This article is based on an article from the Japanese edition of Engadget and was created using the translation tool Deepl.
For the second week in a row, Xperia is gaining momentum with a rush of new products. Sony Mobile has announced a new mid-range phone, the Xperia 8 Lite, which is a "budget Xperia" mainly aimed at MVNOs. The selling price is expected to be around 30,000 yen.
As you may have noticed from the name of the device, the Xperia 8 Lite is based on the mid-range Xperia 8, which was mainly handled by sub-brands like Y! Mobile and UQ mobile last year. The Xperia 8 was also sold by au on the major carriers. As you can see from the photos, the design of the Xperia 8 Lite at a glance is almost identical to the Xperia 8.
In addition to looks, the specs have more in common. For example, both models feature a Qualcomm Snapdragon 630 chipset, a 6-inch display with the same 21:9 aspect ratio as the new Xperia 1 and later series, 4GB of memory (RAM) and 64GB of storage (ROM). The Xperia 8 Lite is also unchanged from the Xperia 8 in that it supports so-called Japanese specifications such as mobile wallet, water and dust resistance.
For better or worse, but the camera is also the same as the Xperia 8. On the back, there are dual 12-megapixel and 8-megapixel cameras. It's configured as a standard and 2x for optical zoom, and it also supports background blurring, which takes advantage of the difference in focal lengths of the two cameras. However, due to its mid-range nature, you can't expect the image quality of the Xperia 1 and Xperia 5 that were introduced in the same decade. Recently, even mid-range models are coming out with larger sensors and better image quality, so you might not expect too much.
So what exactly makes the Xperia 8 Lite a "Lite"? According to Sony Mobile, the difference with the Xperia 8 is that it does not support "DSEE HX", DSEE HX is a technology to restore the sound range lost in the compressed sound source and play back in high-resolution quality. So while it has a 3.5mm earphone jack, some of the music playback features are a downgrade from the Xperia 8.

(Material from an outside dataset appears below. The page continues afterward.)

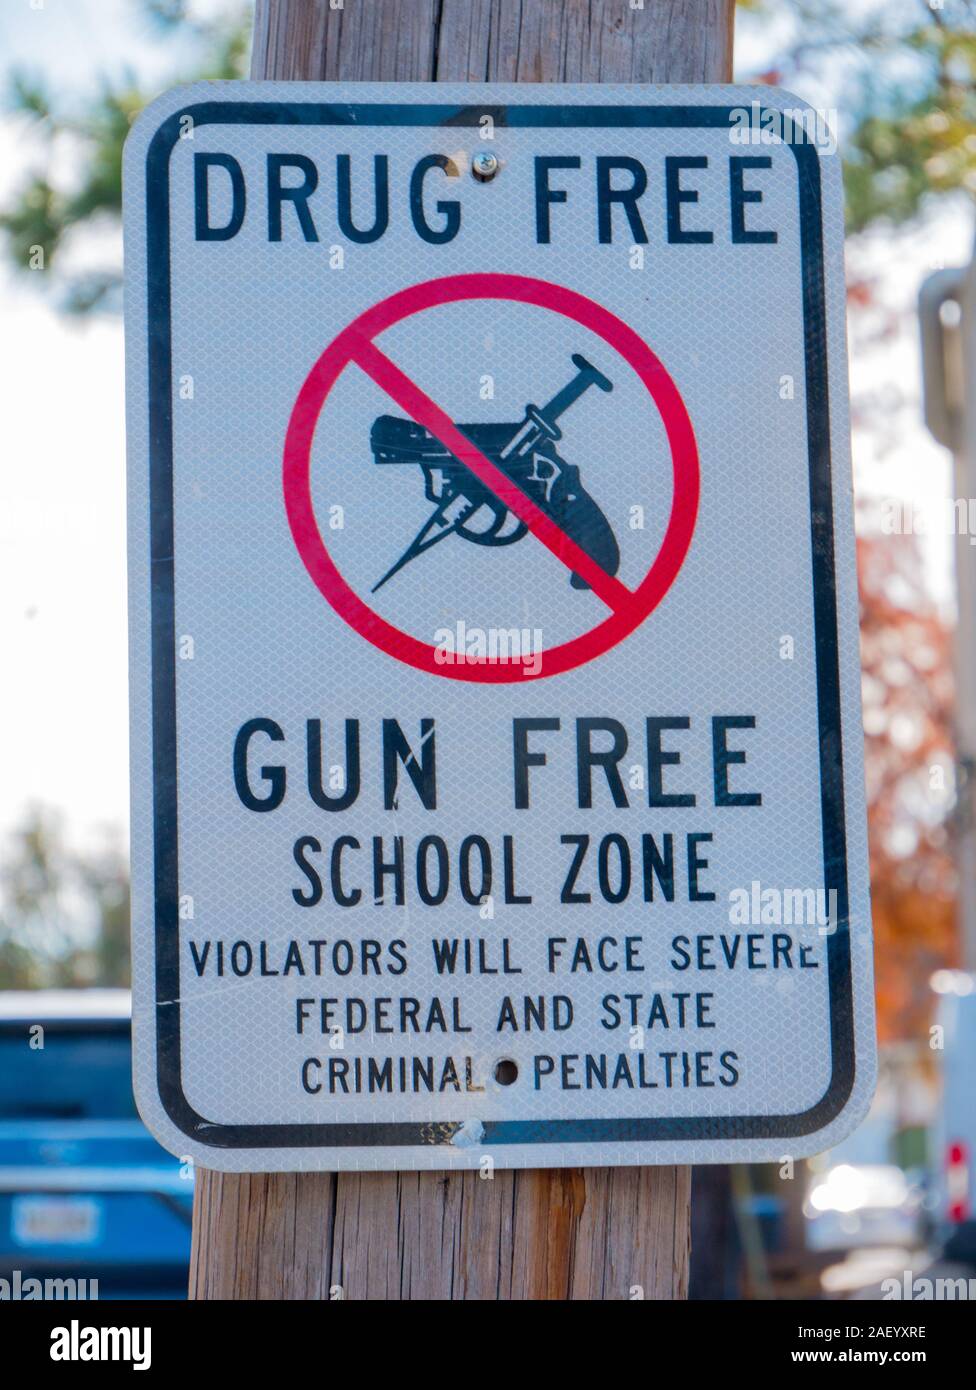 Drug Free and Gun Free School Zone sign in New Orleans, Louisiana, USA. Stock Photo

The other "Lite" element is the color range. In addition to black and white, the Xperia 8 lineup included orange, which was impressive for its bright and strong colors, and blue, which was pale and gentle, but the Xperia 8 Lite comes in two basic colors, black and white. It's a shame that the playful colors are gone, but we can see that the company has tried to reduce costs by narrowing down the number of colors.
As a result, the price has also become "Lite", and as I mentioned at the beginning of this article, the price is around 30,000 yen, which is an amount that can be aimed at the middle of the mid-range model. At the time of its release, the Xperia 8 was in the upper 50,000 yen range for Wai Mobile and the mid 50,000 yen range for UQ Mobile, but since some time has passed since then, it seems that it has become a cheaper setting from the launch. Some MVNOs offer discounts at the very end of the regulatory limit with a new contract, so it's a good fit for users who want a reasonably priced device.
Despite some of these differences, the contents of the Xperia 8 Lite are almost identical to the Xperia 8. The Xperia 8 Lite seems to be the device that re-climbed the Xperia 8 for Xperia MVNOs. Since the original Xperia 8 was limited to sub-brands and au only in terms of sales channels, this looks like a nice addition to the options for MVNO users. It seems to be one that users who have been using Xperia on a major carrier will choose when they move to an MVNO.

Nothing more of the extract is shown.